Vimos também que o PTH não é como um simples botão liga / desliga, com apenas uma atividade única. Sua molécula contém segmentos que quando clivados (cortados) podem ter diferentes funções metabólicas. Vale a pena repetir aqui os dois exemplos dados no último artigo, porque eles podem nos ajudar a escolher a forma correta de PTH para potenciais testes na acondroplasia:
  • A parte N-terminal do PTH, constituída pelos últimos 34 aminoácidos da cadeia do hormônio parece ser responsável pela forte ação anabólica deste hormônio no osso (e é chamado de PTH 1-34);
  • A parte C-terminal do PTH parece ser responsável por uma modulação da atividade anabólica e, provavelmente, é responsável pelas diferenças dos efeitos anabólicos do PTH 1-34 em comparação com o hormônio integral, o qual é também chamado de PTH 1-84 ( 1).
Além disso, verificamos que o PTH como medicamento tem sido utilizado para o tratamento da osteoporose em duas formas diferentes, como PTH 1-84 e como PTH 1-34, na forma de um análogo chamado de teriparatide. Enquanto isso, ele também tem sido testado em outras condições clínicas, por exemplo, com estudos clínicos já realizados em adultos e crianças com hipoparatireoidismo. As evidências obtidas nesses estudos de reposição hormonal para o hipoparatireoidismo são convincentes. Então, por que o PTH ainda não faz parte do tratamento dessa disfunção hormonal? E de que modo este tema pode afetar a decisão de usar o PTH na acondroplasia?

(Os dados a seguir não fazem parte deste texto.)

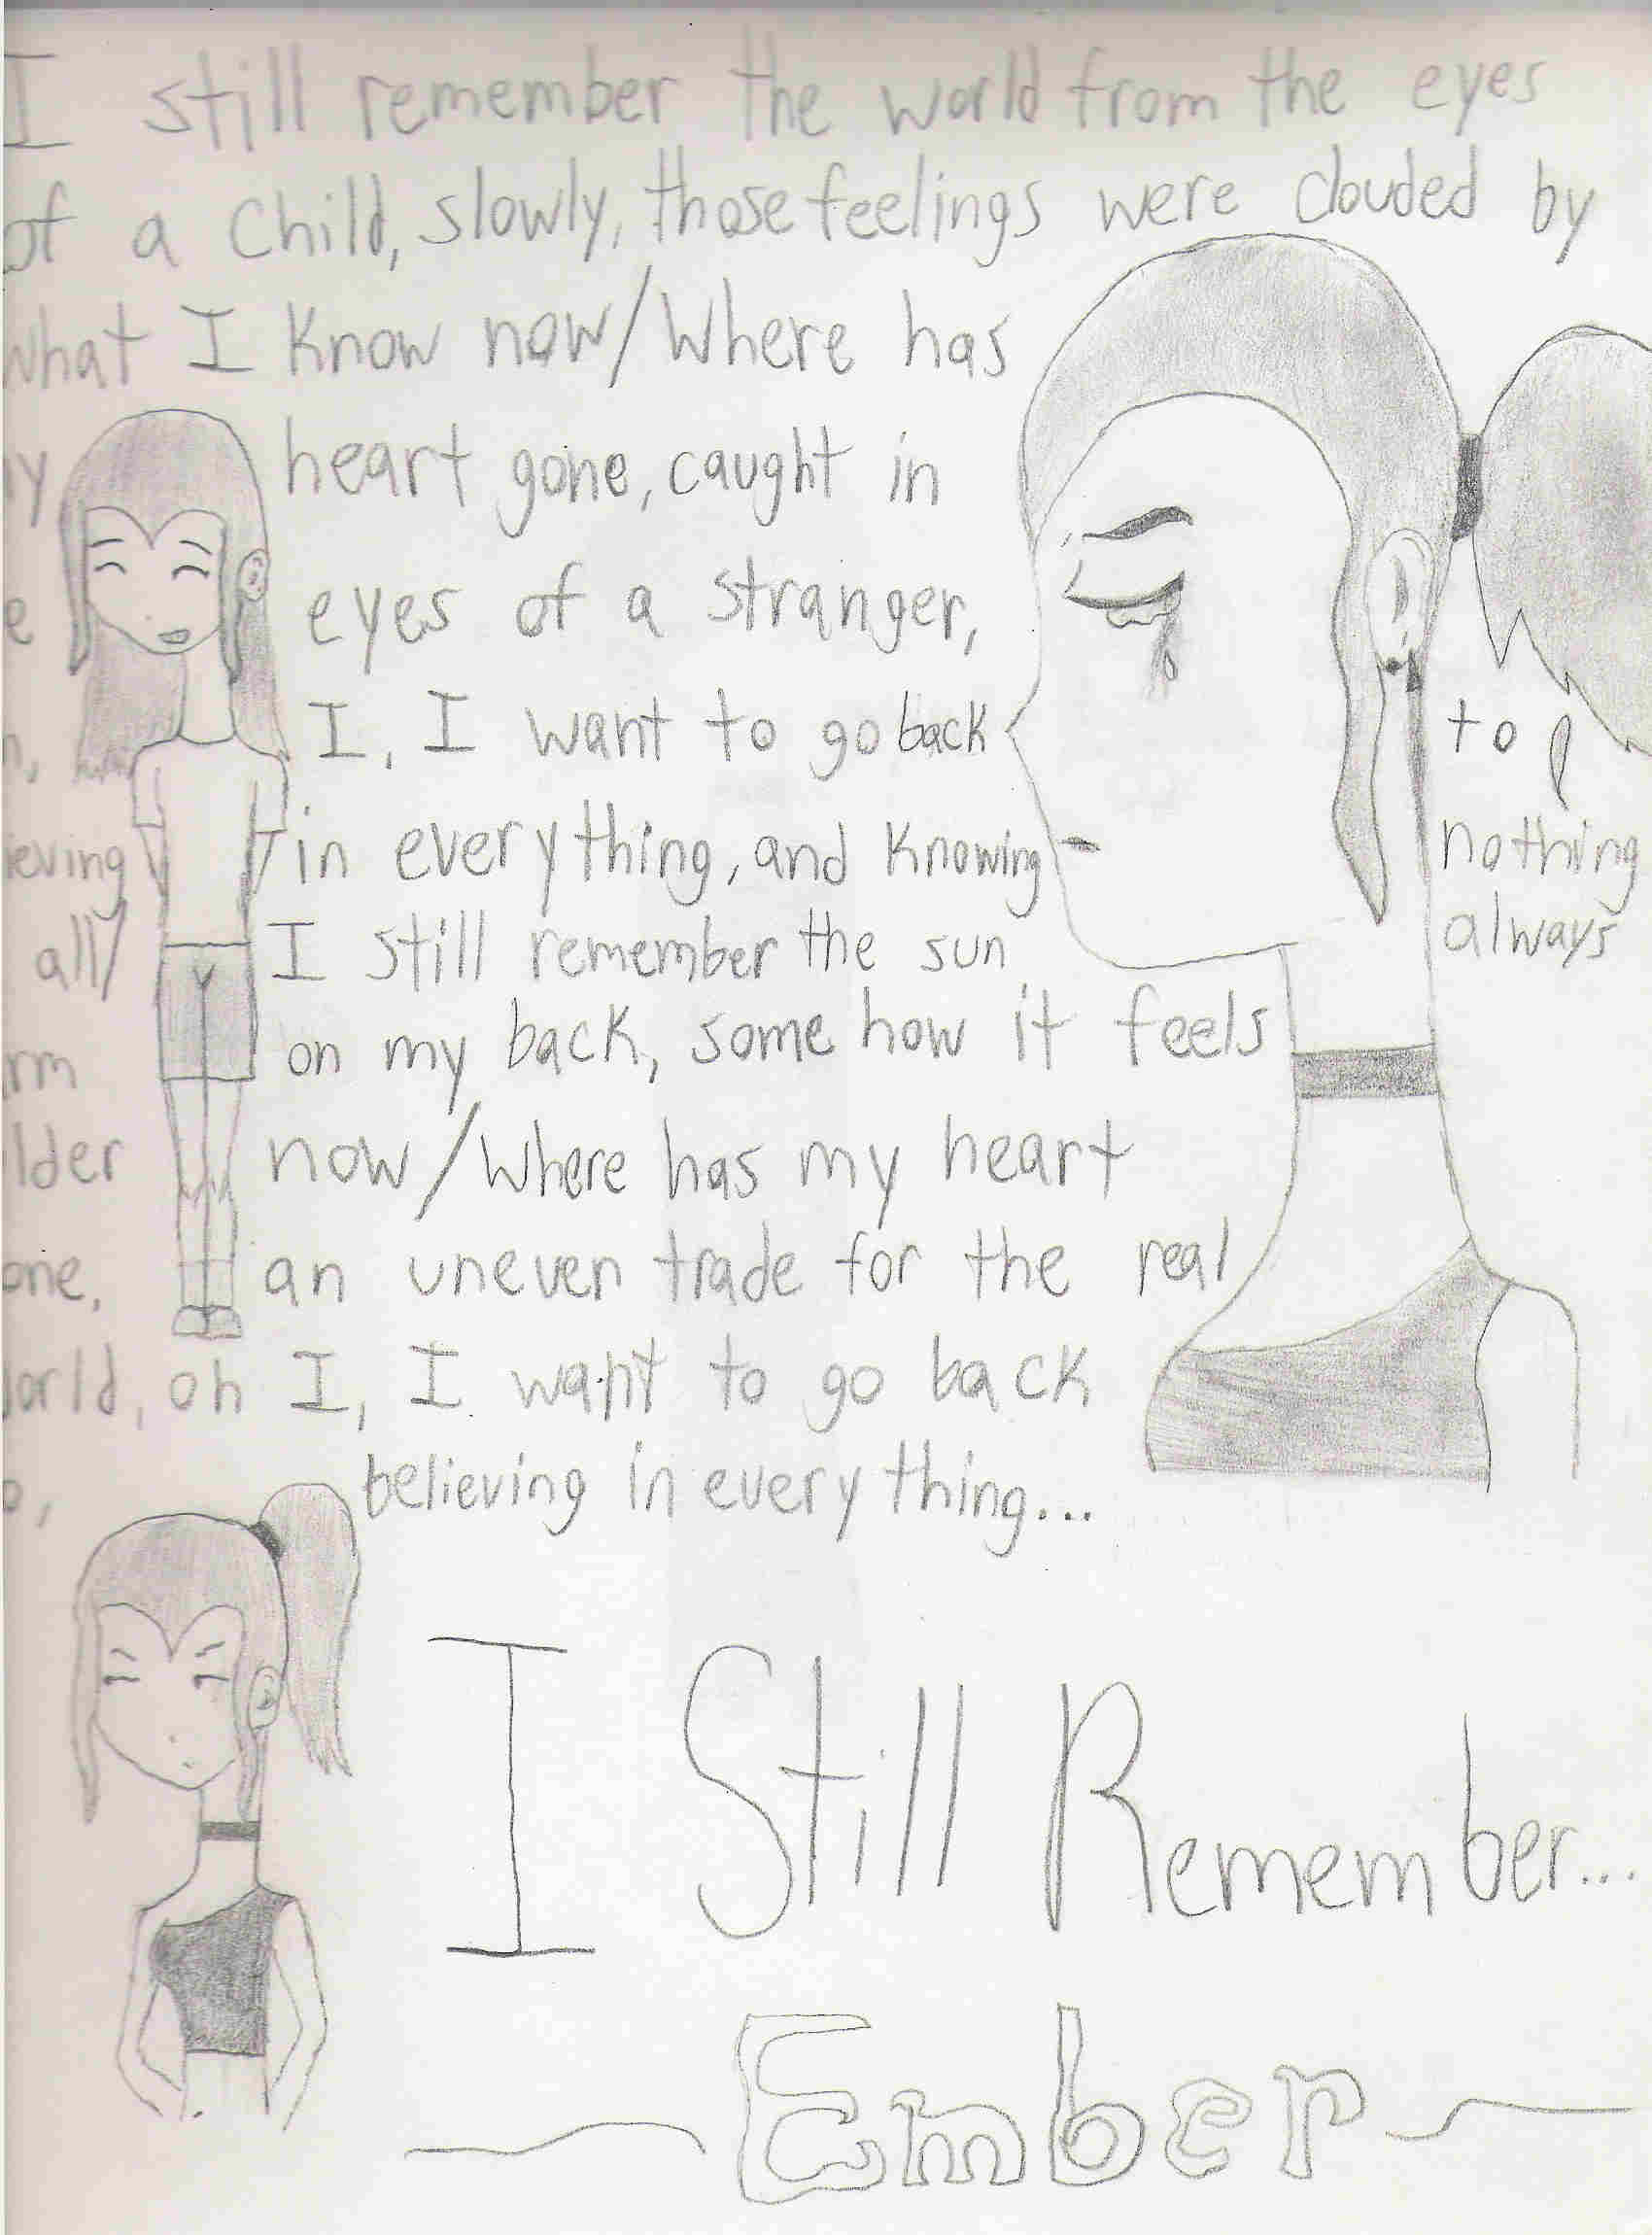 "I still remember" Emberlover's request by Hieis_lover_and_obsessor

Para responder a estas perguntas temos de analisar os resultados dos estudos de toxicidade realizados com o PTH quando estava sendo avaliado como uma droga experimental para a osteoporose.

O PTH é perigoso?

Para qualquer medicamento experimental se tornar um medicamento necessita não somente provar que funciona (eficácia), mas também tem de passar por uma série de estudos exaustivos, tanto in vitro (no laboratório) e in vivo (em animais e humanos), para verificar se é seguro. Então, vamos verificar o que aconteceu com um dos análogos de PTH, teriparatide, durante os testes obrigatórios feitos para avaliar a sua segurança. Os resultados desses testes, que iremos rever abaixo trouxe preocupação sobre seu uso em longo prazo na osteoporose. Veja, a osteoporose é uma doença crônica, distúrbio ósseo de lenta evolução e as terapias para esta condição também devem ser de longo prazo. Em resumo, os testes feitos em animais, procurando um efeito cancerígeno (capacidade de causar câncer), mostraram que ratos submetidos a uma exposição de dose elevada de teriparatide ao longo da vida desenvolveram osteossarcomas e outros tipos de câncer ósseo (2).

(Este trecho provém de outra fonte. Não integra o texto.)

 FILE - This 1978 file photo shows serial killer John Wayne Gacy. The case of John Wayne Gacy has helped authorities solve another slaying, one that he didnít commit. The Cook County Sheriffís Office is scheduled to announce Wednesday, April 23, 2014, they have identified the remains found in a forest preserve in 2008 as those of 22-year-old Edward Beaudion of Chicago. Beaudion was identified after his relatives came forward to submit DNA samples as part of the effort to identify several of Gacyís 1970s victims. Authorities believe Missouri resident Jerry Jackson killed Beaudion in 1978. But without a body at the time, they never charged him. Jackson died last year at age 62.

O que explica esses resultados? O PTH tem um papel pró-proliferativo fisiológico (estimula a multiplicação de células), de modo que os resultados desses testes foram interpretados como o câncer observado nos animais tenha sido uma consequência da estimulação pró-proliferativa contínua do PTH (2).

Estas conclusões fizeram com que a Food and Drug Administration (FDA) impusesse uma tarja preta na bula do teriparatide, com duas principais restrições à sua utilização na clínica (3):

1. Proibição de sua administração em doentes com epífises abertas (sinônimo de placas de crescimento, as crianças e adolescentes em crescimento);

2. Uso contínuo por até 2 anos somente.

O FDA determinou que crianças e adolescentes não poderiam usar teriparatide porque eles estão em um ritmo natural de crescimento e as células estão se multiplicando em grande velocidade, e existe um temor de que o uso de um acelerador turbo (PTH) em organismos em rápido desenvolvimento poderiam causar transformação cancerosa nas células e nos tecidos expostos.

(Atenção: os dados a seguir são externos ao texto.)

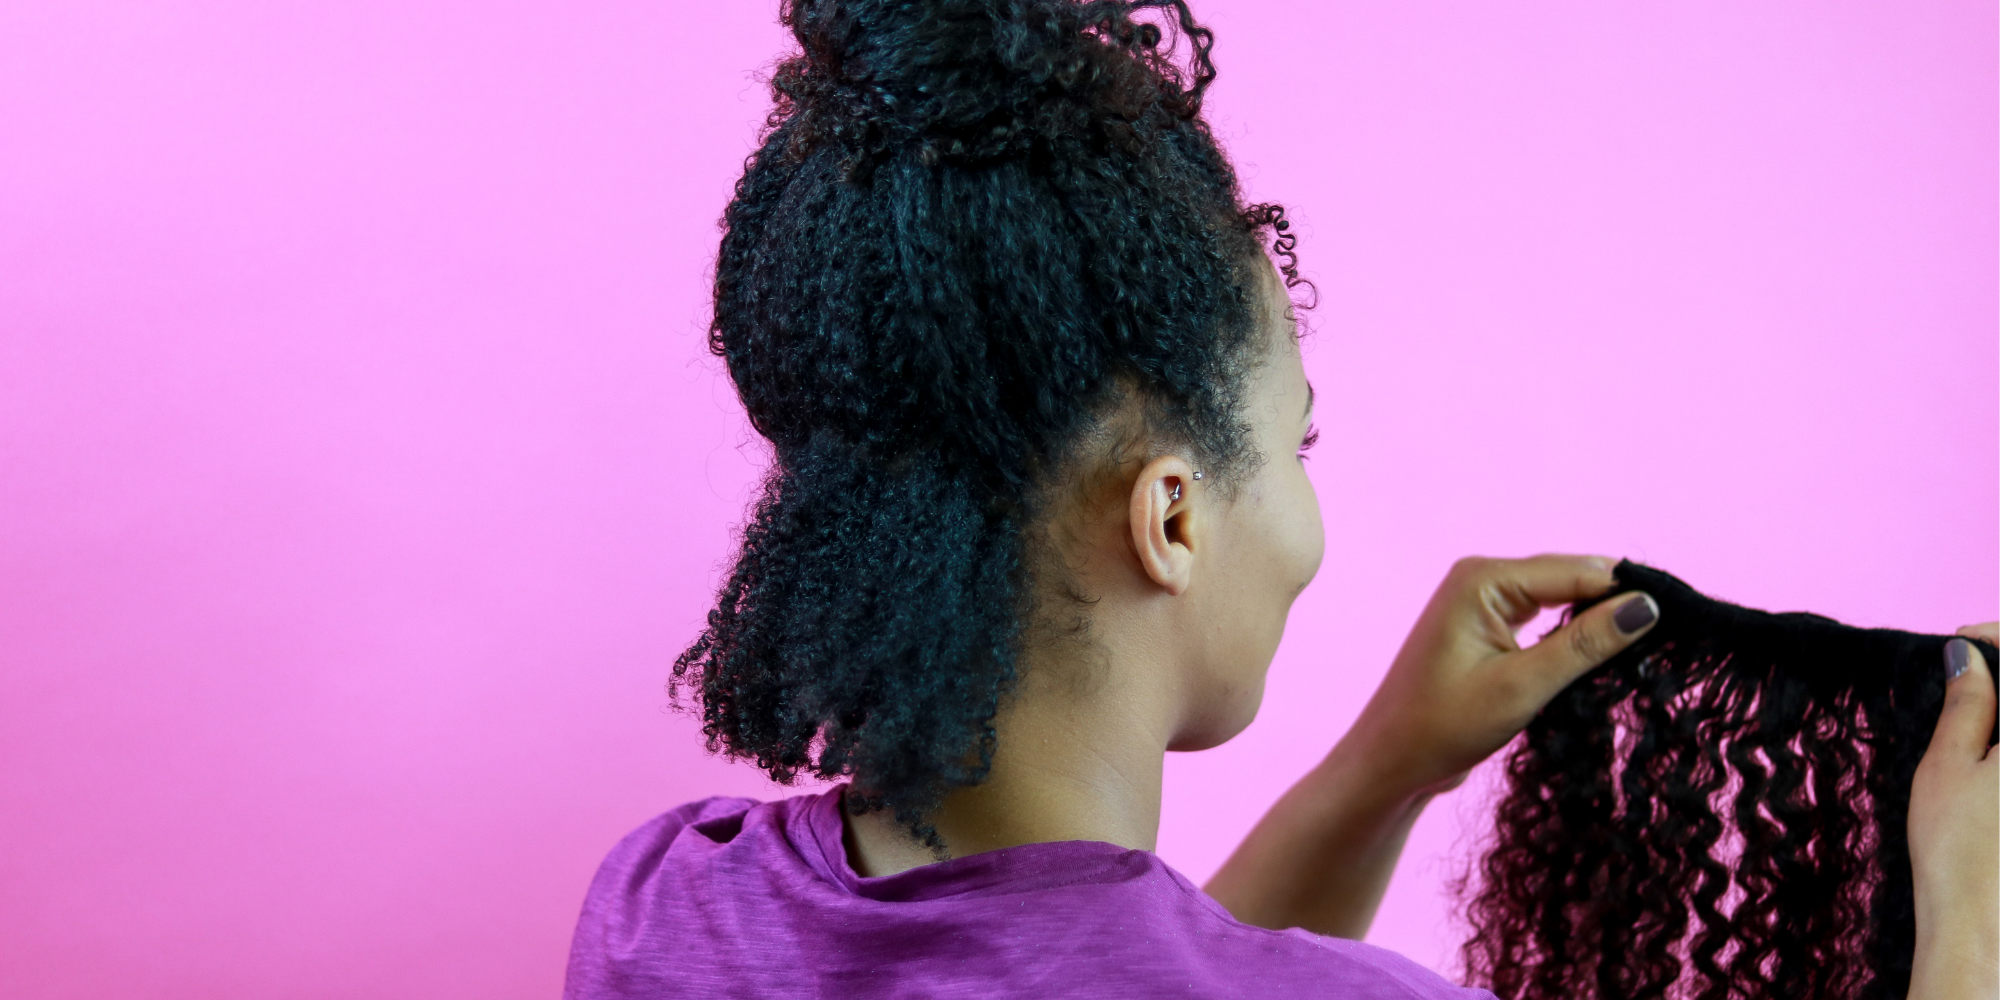 How To Choose The Right Amount Of KinkyCurlyYaki Clip-Ins

Estas restrições refletem preocupações sobre os riscos e não certezas e, atualmente, não há evidências claras de que o uso prolongado de análogos de PTH, de fato, induzem osteossarcoma ou outros tipos de câncer no homem. Ao contrário, os estudos posteriores efetuados em animais (ratos e macacos) para confirmar o aumento de câncer não conseguiram demonstrar isso. Estes estudos posteriores concluíram que o potencial oncogênico (propriedade de provocar câncer) do PTH está associado à dose utilizada, várias vezes maior do que a dose aprovada para uso em humanos (4-6).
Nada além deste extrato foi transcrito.